Segment Open
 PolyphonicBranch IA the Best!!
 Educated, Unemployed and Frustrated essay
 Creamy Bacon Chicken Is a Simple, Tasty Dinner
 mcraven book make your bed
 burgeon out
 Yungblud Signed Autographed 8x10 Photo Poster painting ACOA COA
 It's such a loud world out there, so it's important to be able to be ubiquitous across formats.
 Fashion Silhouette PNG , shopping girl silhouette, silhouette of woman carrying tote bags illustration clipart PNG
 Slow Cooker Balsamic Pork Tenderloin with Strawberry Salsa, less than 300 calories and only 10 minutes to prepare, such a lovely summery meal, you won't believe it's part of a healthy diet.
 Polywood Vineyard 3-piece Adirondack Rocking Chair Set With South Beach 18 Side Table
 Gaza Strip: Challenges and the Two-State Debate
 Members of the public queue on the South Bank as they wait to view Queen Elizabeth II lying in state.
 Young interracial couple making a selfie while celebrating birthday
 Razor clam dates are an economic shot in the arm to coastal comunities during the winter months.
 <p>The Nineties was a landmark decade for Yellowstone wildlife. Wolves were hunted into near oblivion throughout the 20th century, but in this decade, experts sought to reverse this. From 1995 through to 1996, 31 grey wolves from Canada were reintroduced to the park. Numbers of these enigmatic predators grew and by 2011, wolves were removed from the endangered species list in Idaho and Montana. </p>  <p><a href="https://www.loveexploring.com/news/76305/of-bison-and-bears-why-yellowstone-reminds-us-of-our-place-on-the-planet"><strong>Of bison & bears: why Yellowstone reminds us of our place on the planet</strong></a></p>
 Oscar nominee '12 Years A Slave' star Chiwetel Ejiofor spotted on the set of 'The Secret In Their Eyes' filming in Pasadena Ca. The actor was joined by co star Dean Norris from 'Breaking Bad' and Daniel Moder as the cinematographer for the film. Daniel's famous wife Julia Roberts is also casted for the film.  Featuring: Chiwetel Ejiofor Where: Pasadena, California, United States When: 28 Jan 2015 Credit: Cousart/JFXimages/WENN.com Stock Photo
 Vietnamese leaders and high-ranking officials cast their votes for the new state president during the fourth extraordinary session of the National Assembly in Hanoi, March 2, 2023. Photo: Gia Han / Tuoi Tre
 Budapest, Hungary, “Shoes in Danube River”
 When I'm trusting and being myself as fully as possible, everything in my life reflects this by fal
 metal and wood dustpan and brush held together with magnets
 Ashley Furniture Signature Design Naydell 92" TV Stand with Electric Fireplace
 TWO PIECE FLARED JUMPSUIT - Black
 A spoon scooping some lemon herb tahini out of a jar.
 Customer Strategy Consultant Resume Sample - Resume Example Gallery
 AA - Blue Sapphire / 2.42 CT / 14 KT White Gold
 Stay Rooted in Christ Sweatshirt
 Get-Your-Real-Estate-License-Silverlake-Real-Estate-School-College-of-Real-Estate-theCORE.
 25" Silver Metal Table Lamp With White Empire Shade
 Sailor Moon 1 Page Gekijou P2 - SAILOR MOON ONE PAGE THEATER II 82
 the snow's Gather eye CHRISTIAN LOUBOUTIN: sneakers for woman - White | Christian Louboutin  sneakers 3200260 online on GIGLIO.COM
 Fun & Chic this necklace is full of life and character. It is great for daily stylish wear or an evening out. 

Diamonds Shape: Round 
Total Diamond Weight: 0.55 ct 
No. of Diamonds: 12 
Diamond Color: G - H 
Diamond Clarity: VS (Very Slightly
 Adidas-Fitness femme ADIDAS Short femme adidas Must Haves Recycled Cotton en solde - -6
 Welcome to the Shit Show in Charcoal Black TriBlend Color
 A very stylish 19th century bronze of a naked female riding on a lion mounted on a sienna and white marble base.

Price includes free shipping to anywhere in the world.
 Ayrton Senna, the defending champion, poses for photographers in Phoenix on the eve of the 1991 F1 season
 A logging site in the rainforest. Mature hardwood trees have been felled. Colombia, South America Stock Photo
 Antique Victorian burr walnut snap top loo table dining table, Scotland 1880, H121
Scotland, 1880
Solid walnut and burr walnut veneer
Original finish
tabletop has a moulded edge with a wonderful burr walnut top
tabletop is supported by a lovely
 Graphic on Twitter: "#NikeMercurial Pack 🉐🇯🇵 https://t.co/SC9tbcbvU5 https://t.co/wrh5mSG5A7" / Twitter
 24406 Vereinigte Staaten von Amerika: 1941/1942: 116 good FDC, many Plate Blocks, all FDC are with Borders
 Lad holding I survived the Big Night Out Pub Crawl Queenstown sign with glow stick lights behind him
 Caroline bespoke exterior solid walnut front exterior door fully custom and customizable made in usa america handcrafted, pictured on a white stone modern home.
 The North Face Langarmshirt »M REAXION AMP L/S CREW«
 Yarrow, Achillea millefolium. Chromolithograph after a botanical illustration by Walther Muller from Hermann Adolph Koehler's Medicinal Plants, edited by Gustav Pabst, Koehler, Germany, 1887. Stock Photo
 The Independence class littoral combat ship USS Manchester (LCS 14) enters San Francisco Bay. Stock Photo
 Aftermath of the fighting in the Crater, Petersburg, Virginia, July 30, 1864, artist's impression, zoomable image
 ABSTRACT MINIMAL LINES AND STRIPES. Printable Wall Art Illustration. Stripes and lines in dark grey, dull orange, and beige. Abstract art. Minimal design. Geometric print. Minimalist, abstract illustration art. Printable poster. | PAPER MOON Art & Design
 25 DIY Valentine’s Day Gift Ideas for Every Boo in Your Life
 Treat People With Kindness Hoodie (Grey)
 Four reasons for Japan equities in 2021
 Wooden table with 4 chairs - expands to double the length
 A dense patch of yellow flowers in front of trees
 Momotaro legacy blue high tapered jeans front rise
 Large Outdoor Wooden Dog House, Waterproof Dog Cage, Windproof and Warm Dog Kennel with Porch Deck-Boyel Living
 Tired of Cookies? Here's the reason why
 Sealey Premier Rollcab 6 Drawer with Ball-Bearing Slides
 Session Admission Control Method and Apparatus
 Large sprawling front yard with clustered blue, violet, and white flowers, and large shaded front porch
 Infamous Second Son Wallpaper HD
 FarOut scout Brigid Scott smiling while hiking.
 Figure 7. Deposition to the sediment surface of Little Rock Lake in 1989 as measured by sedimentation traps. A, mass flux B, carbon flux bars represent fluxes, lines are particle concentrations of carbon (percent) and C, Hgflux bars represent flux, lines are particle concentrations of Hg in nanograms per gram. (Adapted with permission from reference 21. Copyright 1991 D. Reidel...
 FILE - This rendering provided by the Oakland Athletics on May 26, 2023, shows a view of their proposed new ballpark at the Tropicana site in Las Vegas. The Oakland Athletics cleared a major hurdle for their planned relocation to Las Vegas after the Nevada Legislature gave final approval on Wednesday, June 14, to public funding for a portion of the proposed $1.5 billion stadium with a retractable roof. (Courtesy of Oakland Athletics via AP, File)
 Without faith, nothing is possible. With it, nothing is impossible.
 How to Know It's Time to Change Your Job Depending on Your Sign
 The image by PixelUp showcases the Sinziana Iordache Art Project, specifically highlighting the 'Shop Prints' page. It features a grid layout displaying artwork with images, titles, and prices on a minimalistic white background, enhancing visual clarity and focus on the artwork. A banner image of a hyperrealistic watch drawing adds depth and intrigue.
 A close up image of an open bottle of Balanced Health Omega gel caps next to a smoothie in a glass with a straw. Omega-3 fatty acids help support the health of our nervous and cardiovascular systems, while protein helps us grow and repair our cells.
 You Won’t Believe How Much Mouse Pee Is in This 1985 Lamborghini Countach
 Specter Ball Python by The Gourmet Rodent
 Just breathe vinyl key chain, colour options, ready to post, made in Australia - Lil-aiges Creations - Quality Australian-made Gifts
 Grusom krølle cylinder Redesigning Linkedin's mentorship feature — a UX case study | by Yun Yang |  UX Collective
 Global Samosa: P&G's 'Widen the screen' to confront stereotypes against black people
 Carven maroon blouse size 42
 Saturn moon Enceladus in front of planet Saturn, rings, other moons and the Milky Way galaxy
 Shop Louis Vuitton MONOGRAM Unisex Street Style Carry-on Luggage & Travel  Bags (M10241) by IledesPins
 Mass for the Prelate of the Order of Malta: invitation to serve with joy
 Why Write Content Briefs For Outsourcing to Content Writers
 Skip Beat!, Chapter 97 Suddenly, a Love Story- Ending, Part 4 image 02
Segment Closed
**Problem description:**
Write out exactly the lines from the beginning of the material above through the line with "Razor clam dates", including both and omitting all others.

**Task solution:**
 PolyphonicBranch IA the Best!!
 Educated, Unemployed and Frustrated essay
 Creamy Bacon Chicken Is a Simple, Tasty Dinner
 mcraven book make your bed
 burgeon out
 Yungblud Signed Autographed 8x10 Photo Poster painting ACOA COA
 It's such a loud world out there, so it's important to be able to be ubiquitous across formats.
 Fashion Silhouette PNG , shopping girl silhouette, silhouette of woman carrying tote bags illustration clipart PNG
 Slow Cooker Balsamic Pork Tenderloin with Strawberry Salsa, less than 300 calories and only 10 minutes to prepare, such a lovely summery meal, you won't believe it's part of a healthy diet.
 Polywood Vineyard 3-piece Adirondack Rocking Chair Set With South Beach 18 Side Table
 Gaza Strip: Challenges and the Two-State Debate
 Members of the public queue on the South Bank as they wait to view Queen Elizabeth II lying in state.
 Young interracial couple making a selfie while celebrating birthday
 Razor clam dates are an economic shot in the arm to coastal comunities during the winter months.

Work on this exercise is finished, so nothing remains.